-- Opening Marker --
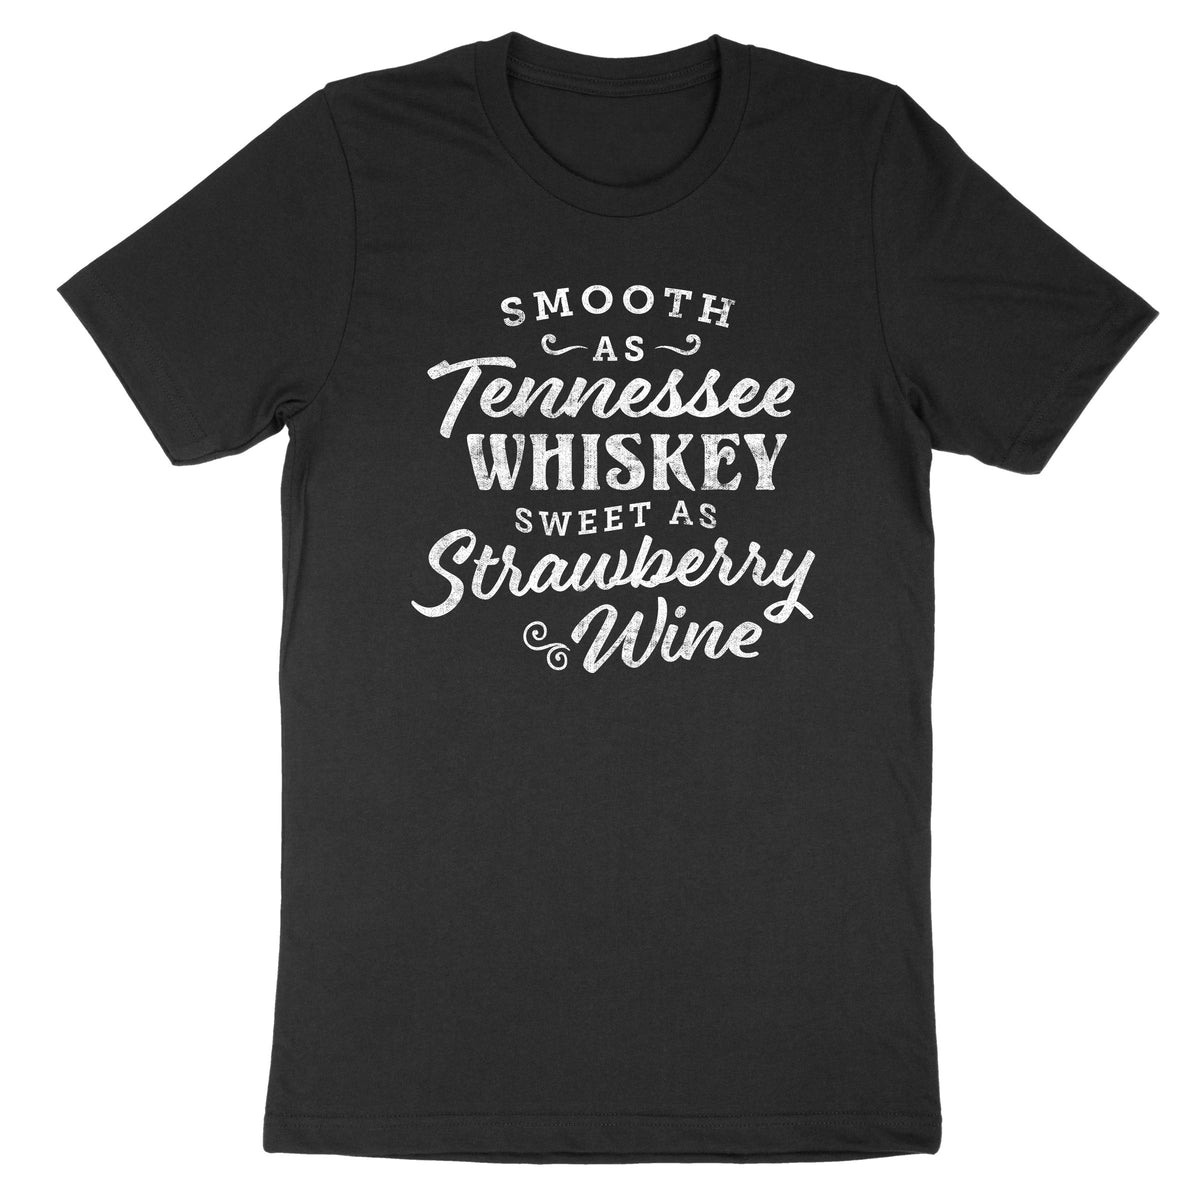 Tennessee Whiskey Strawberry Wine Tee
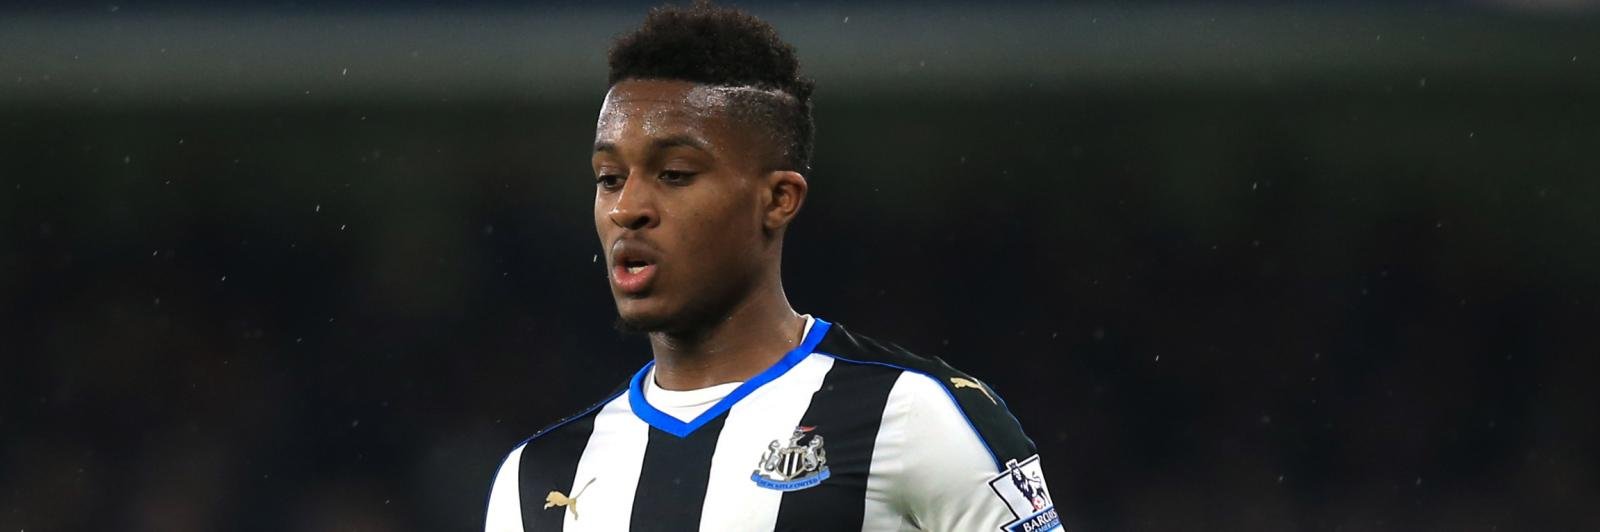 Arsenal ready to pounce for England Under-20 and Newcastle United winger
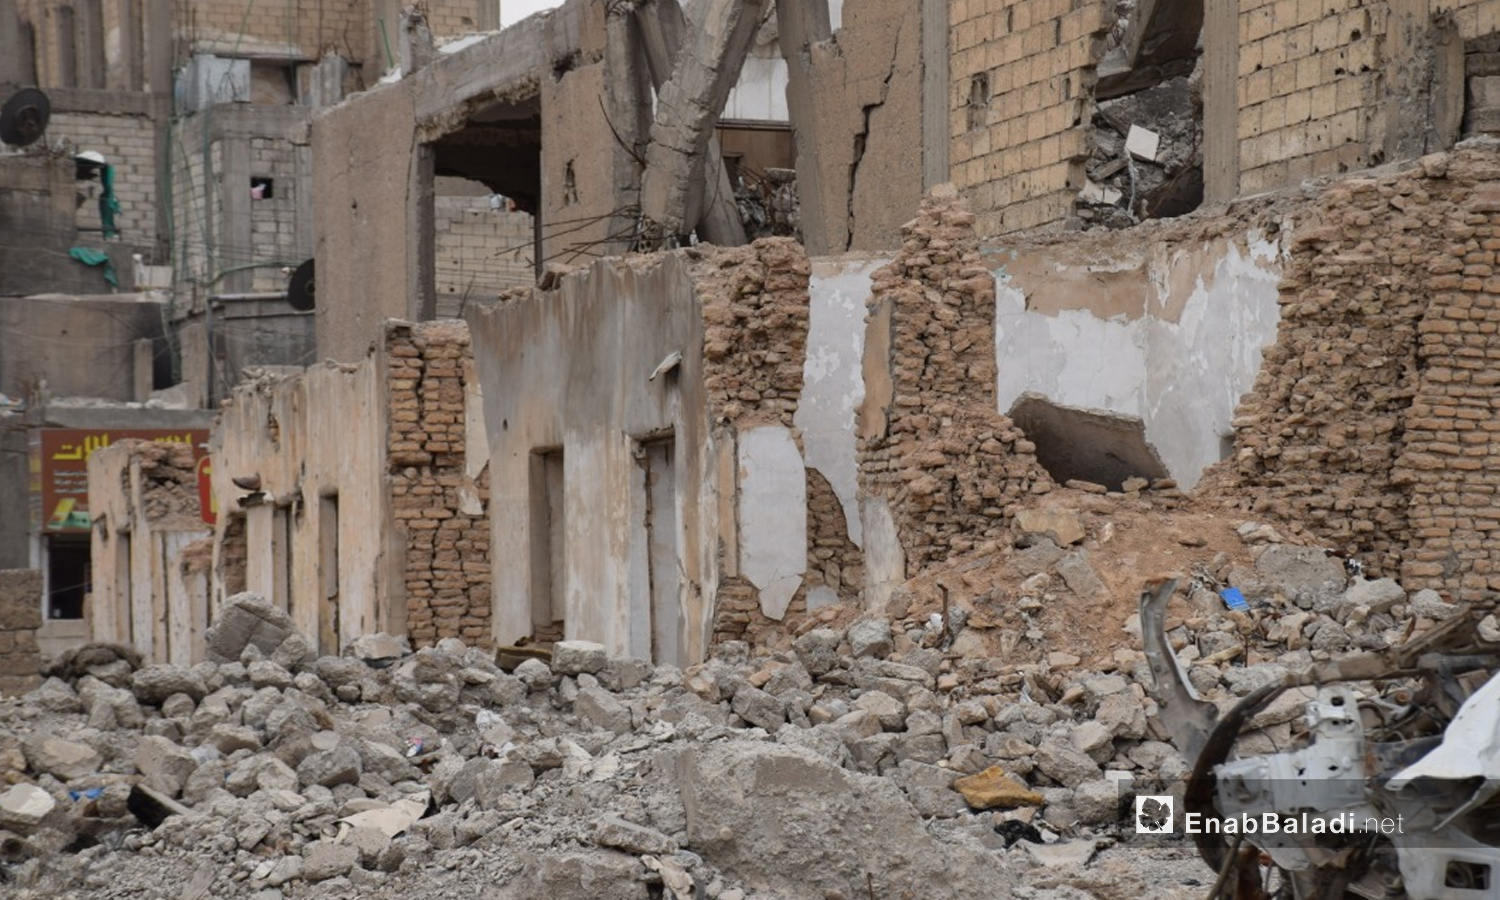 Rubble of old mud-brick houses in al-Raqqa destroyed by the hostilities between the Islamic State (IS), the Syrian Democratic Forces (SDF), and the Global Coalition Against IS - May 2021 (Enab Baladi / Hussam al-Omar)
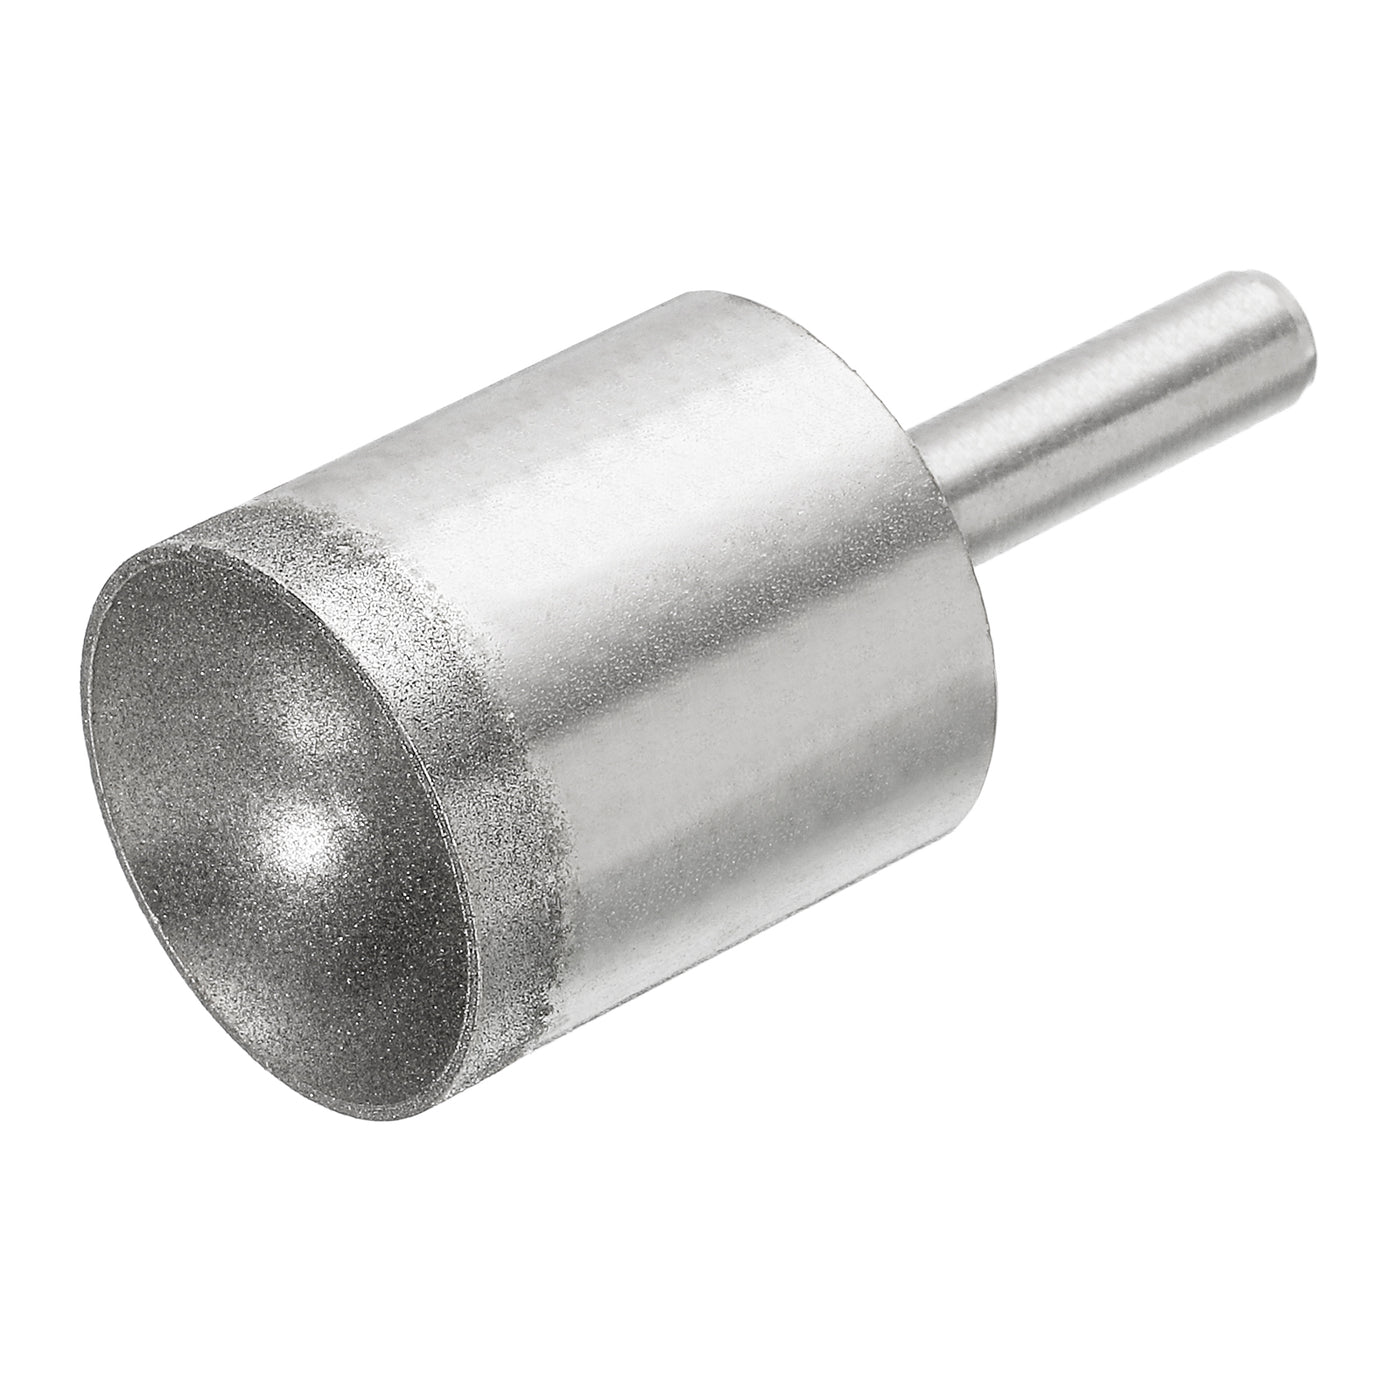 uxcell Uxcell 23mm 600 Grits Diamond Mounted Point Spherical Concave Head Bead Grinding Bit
-- Closing Marker --
Problem description = Print the full listing above exactly. Pictures stay out of the copy.

Result of this task =
 Tennessee Whiskey Strawberry Wine Tee
 Arsenal ready to pounce for England Under-20 and Newcastle United winger
 Rubble of old mud-brick houses in al-Raqqa destroyed by the hostilities between the Islamic State (IS), the Syrian Democratic Forces (SDF), and the Global Coalition Against IS - May 2021 (Enab Baladi / Hussam al-Omar)
 uxcell Uxcell 23mm 600 Grits Diamond Mounted Point Spherical Concave Head Bead Grinding Bit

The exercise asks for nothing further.